The group’s statement quickly raised questions among City of Rockport staff as to what this means for the future. The Zoning Appeals Board met on May 10 to discuss the appeal of the Planning Board’s decision and appeared ready to confirm the Planning Board. The zoning board did not vote at the meeting, but plans to release formal findings on the facts at its June 2 meeting and take the other appeal which deals with the building permit.

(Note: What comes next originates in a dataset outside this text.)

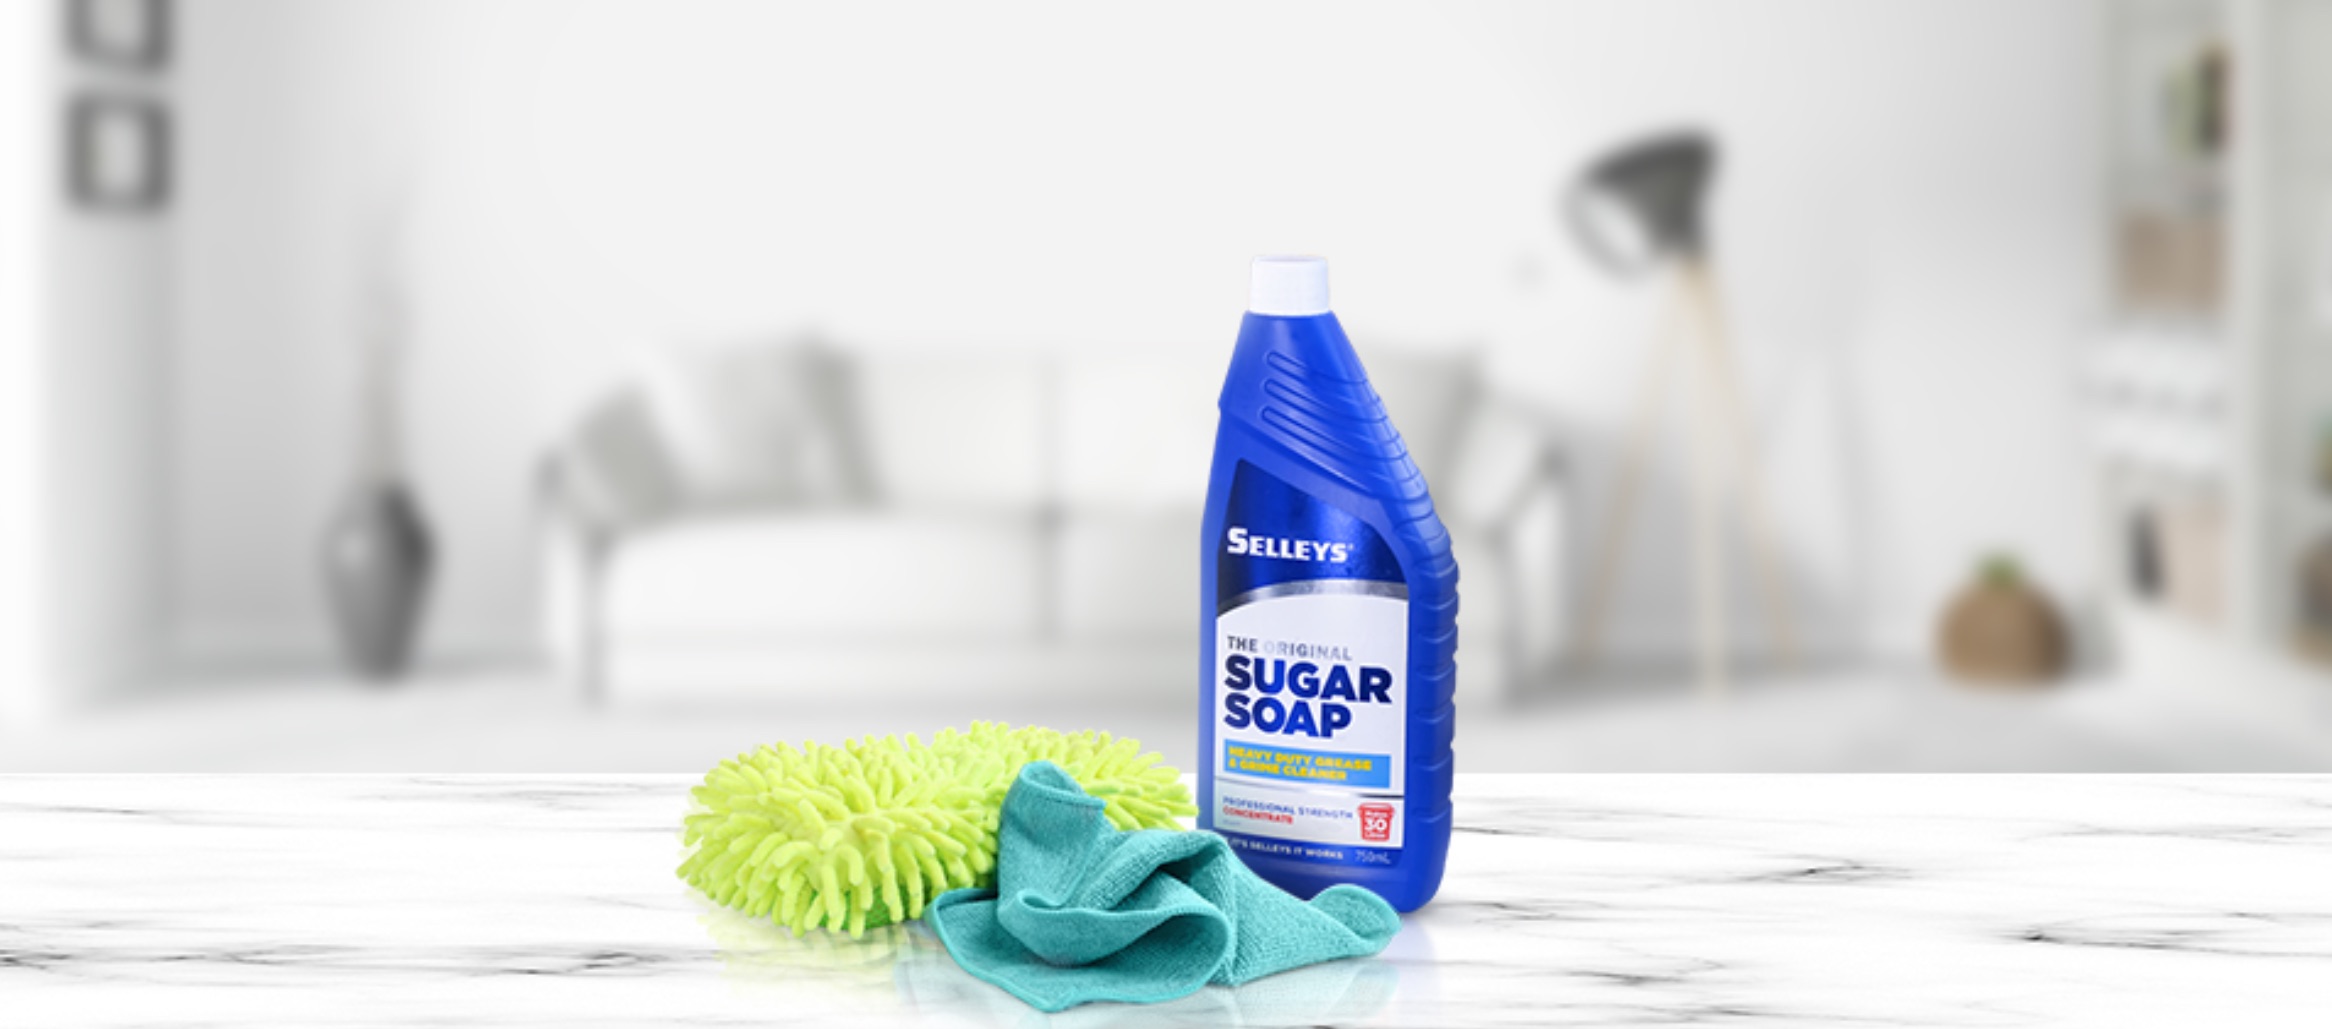 Cleaning Walls and Kitchen Grime with Bartoline Ready To Use Sugar

Local architect John Priestley was involved in calls with the Friends of Rockport group, but is specified in the lawyer’s letter. Priestley is the member of the group who has standing to appeal because he has a property directly opposite the hotel project. Plus, he’s apparently continuing an effort that the rest of the Friends group is pulling out of.

On May 25, Rockport’s director of planning and development, Orion Thomas, contacted Priestley and Mark Schwarzmann via email:

“I seek clarification regarding the letter to the editor from Clare Tully regarding the Friends of Rockport withdrawing their litigation against the Rockport Harbor Hotel and not wanting to waste taxpayers’ money. With the appeal still in the books for the June 2, do you both want to continue your call?”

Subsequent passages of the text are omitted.